Former badminton star and skateboarder Boy “Boyke” McCoy runs the Lucky Brothers tattoo studio in Legian, catering to the inky desires of his mainly Western, tourist clientele. The 29-year-old, who with his wife Maya has two children, Yuko and Jyoti, shared his day with The Bali Times’ Putri Oktarini

When I wake up, I’m tired. Not surprising, as I’m in the studio till past midnight most nights. When I get up around 8:30 in the morning, I play with Yuko and Jyoti for a while, and watch the news on TV. After showering I pray and have breakfast. We’re all vegetarians in our household.
It takes 20 minutes to get to the studio in Legian from my house in Tuban. When I get there, Kadek, one of the staff, is already at work, cleaning up the place.
First thing I do in the morning is boot up the computer and play some of my favorite songs. Then it’s time to help Kadek prepare the execution room – our name for the tattoo area. Kadek goes off and buys new materials, like needles, oils and creams, while I work on my designs. I have a chat with the tattoo artists, Ketut and Arty, and we talk about designs and pricing. In the past we used to do large tattoos for a low price; not any more.
I opened Lucky Brothers five months ago. We named it that because we think a man who wants to have a tattoo is a brave man, and therefore he must be lucky if he is brave. Also, a man with a tattoo has something in common with other man who are tattooed – a kind of respect and understanding.

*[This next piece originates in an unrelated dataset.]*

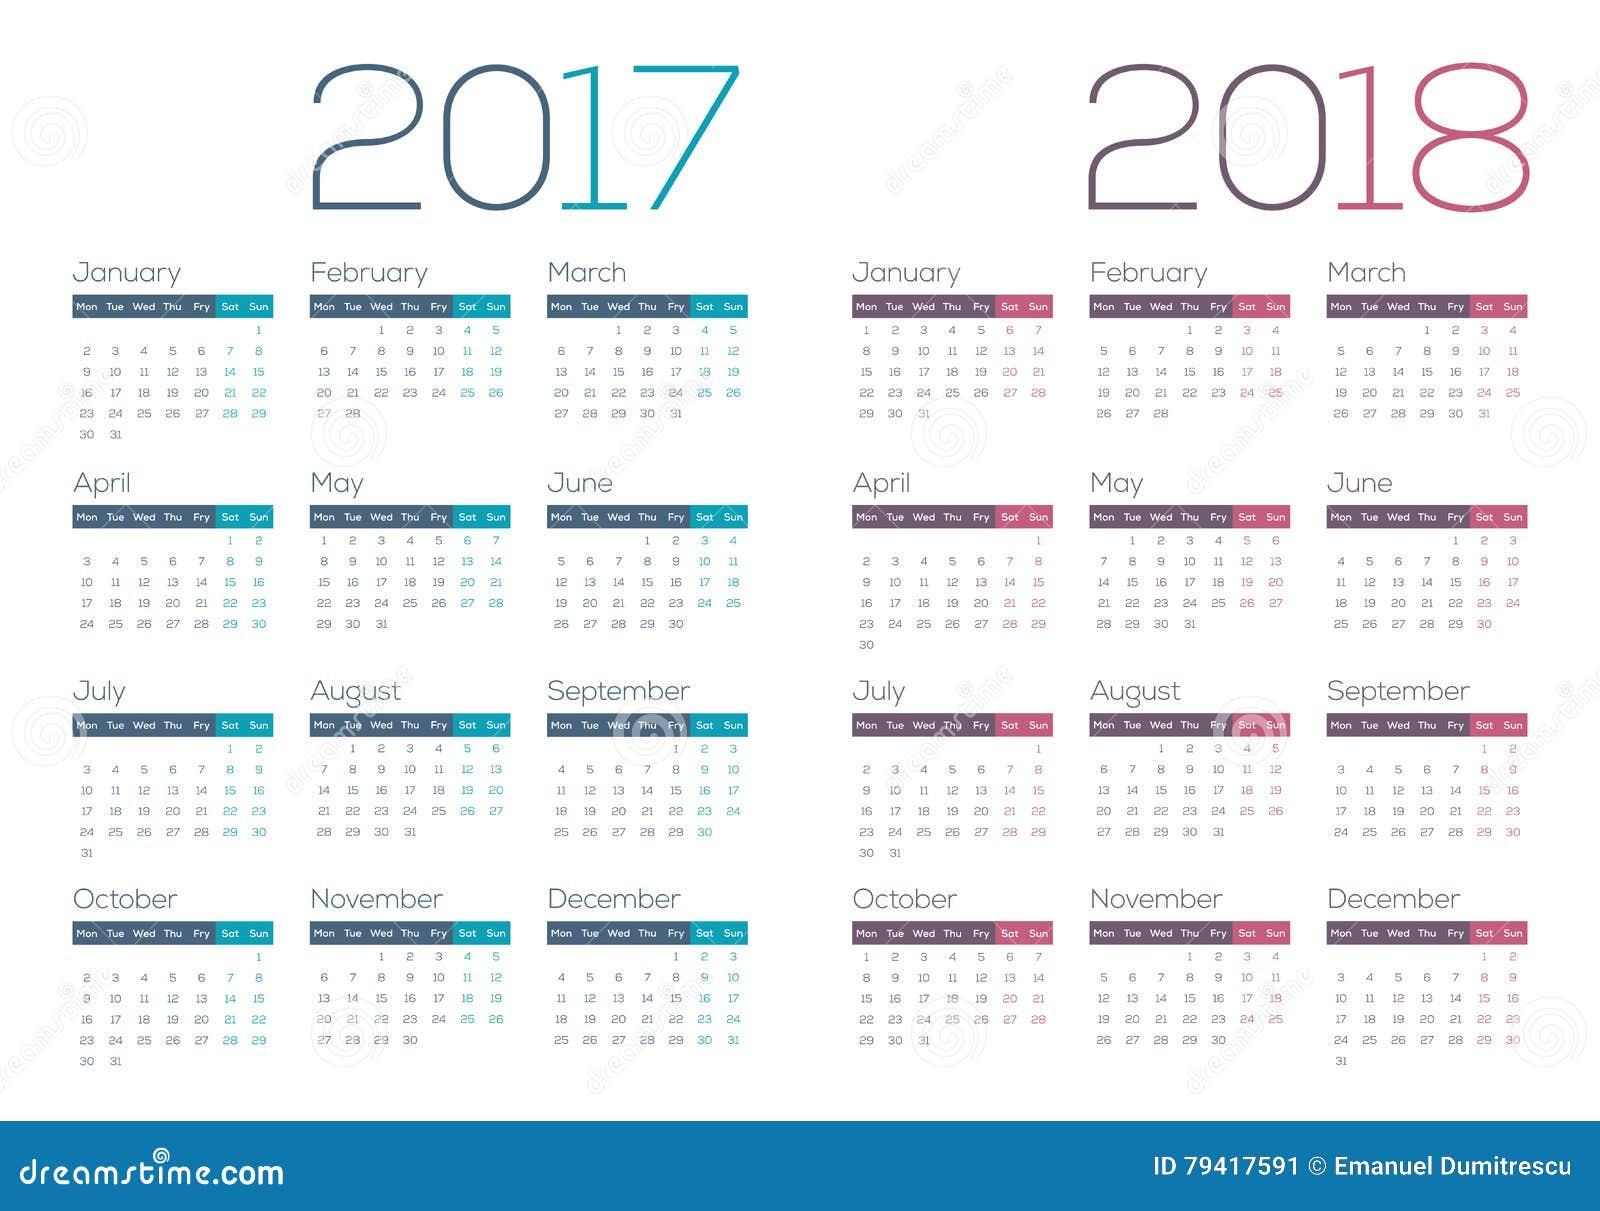 Календарь 2017-2018 года по неделям

Here, naturally, we’re as clean and hygienic as possible, and we only use sterile needles. Between them the artists have 20 years’ experience: Ketut, 12, and Kadek, who’s also a talented painter, eight. Our machines and ink are all imported from either the United States or Europe.

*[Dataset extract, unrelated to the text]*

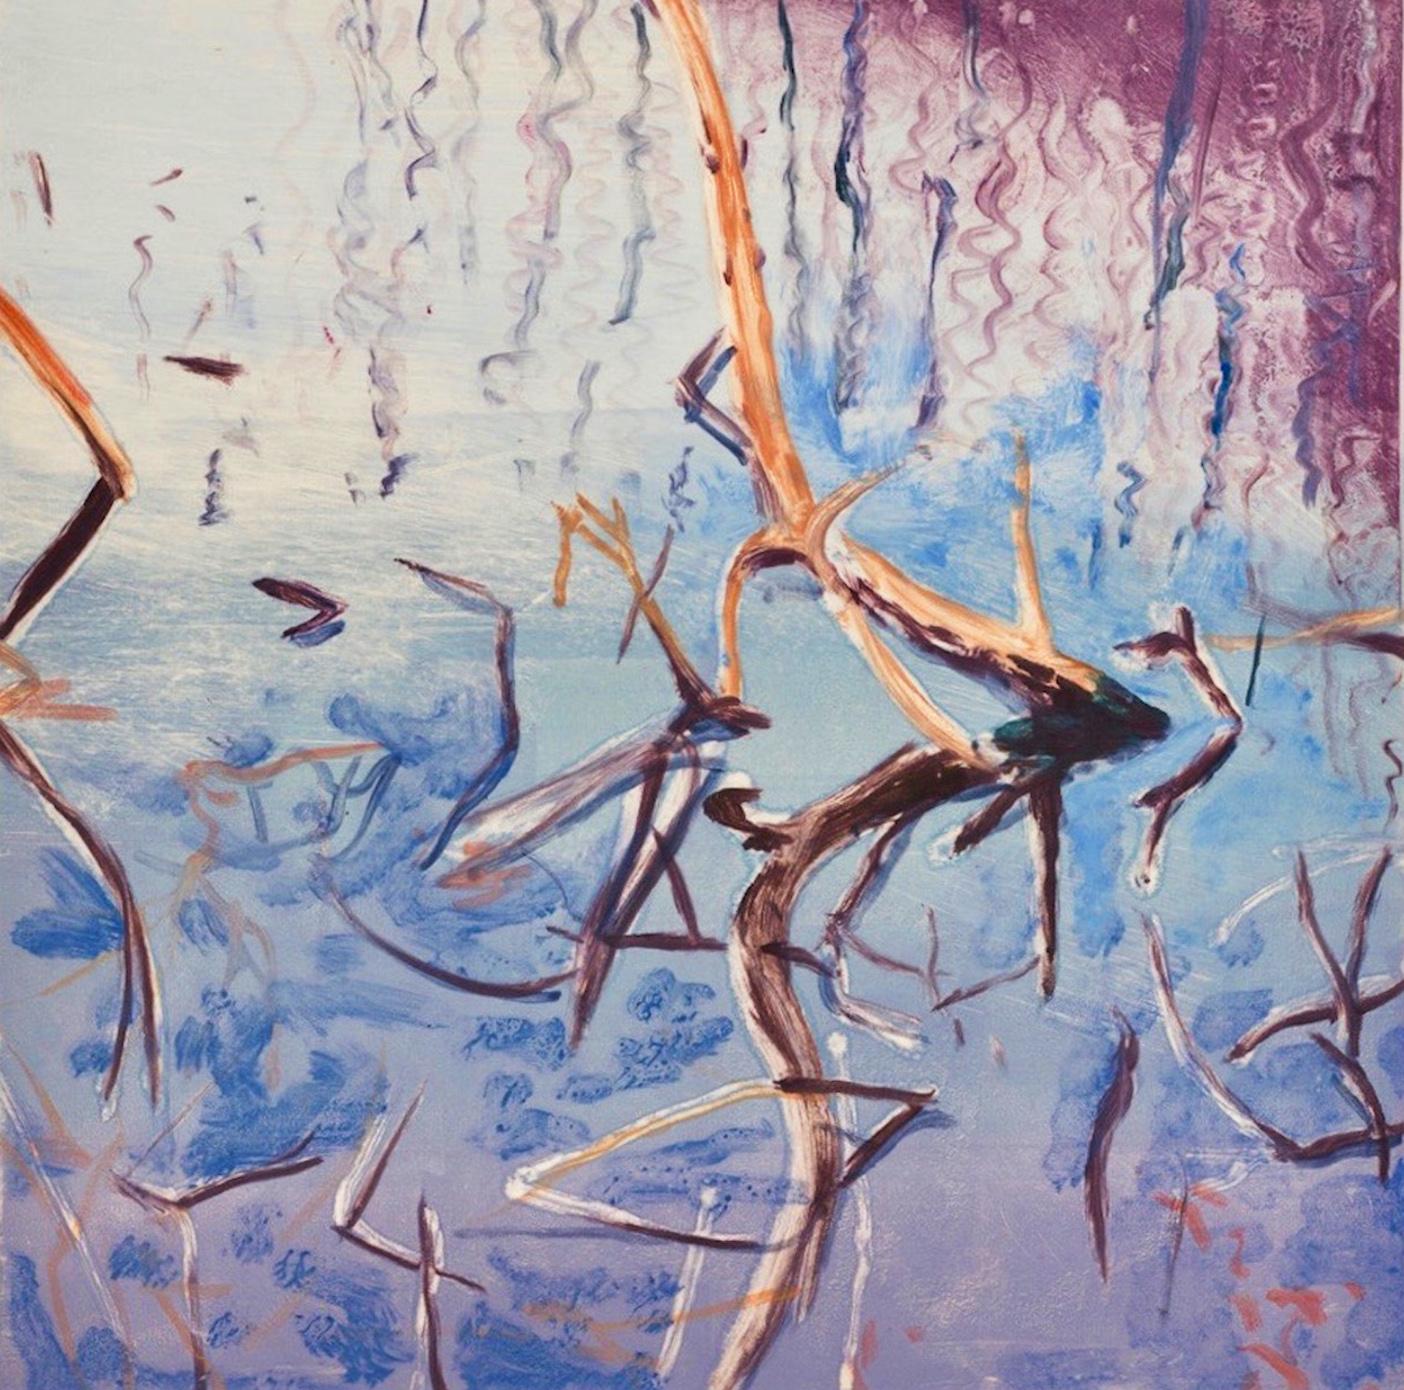 Phil Garrett: Tom's Pond Variation VI

For me, a tattoo is a kind of fashion statement, as is piercing. Our piercing artist, Ketut Darma, has a decade of experience, and does all sorts of piercing. The trend these days is having a big hole in the ear, which is done with a needle and piece of wood. Our customers, most of whom are Western, also like piercing their nipples, tongue, corner of the eye and genitals – if the latter, the price is twice the normal rate.
With tattoos, most of the time the price depends on the size and design of the piece. A small one may be Rp100,000 (US$10.98) and can go up to Rp800,000 for a dragon tattoo, for example. Tribal designs are popular, especially with the Japanese, as are Bali and skull designs.
Around 1pm I break for lunch. Usually one of the guys gets something from a warung (foodstall) nearby – for me it’s nearly always just rice and vegetables. Afterwards I take a rest for a while and listen to some music and chat with the staff. While we’re waiting for customers, we often watch DVDs.
Sometimes people come in and ask for tattoos that I just know don’t suit them, in terms of their character. If they got them, later on they’d be unhappy with the tattoo and would want to get rid of it. So I talk to them for a while and see what they’re like – and what they like – and we work out something that suits their character. I also have to make them comfortable so they’re not afraid by time they get to the execution room.
I go home around 6pm and have dinner with the family. Maya will have my favorite, corn soup, ready. Then we sit around for a while and chat and play with the kids and later in the evening I head back to the studio again, where I can often be until one in the morning, waiting for customers’ tattoos to be finished.
At night I browse the internet and find new tattoo designs, and often people will come into the studio just to ask what I think of their tattoos.
When I get home in the early hours, I pray and watch TV before falling asleep, jaded.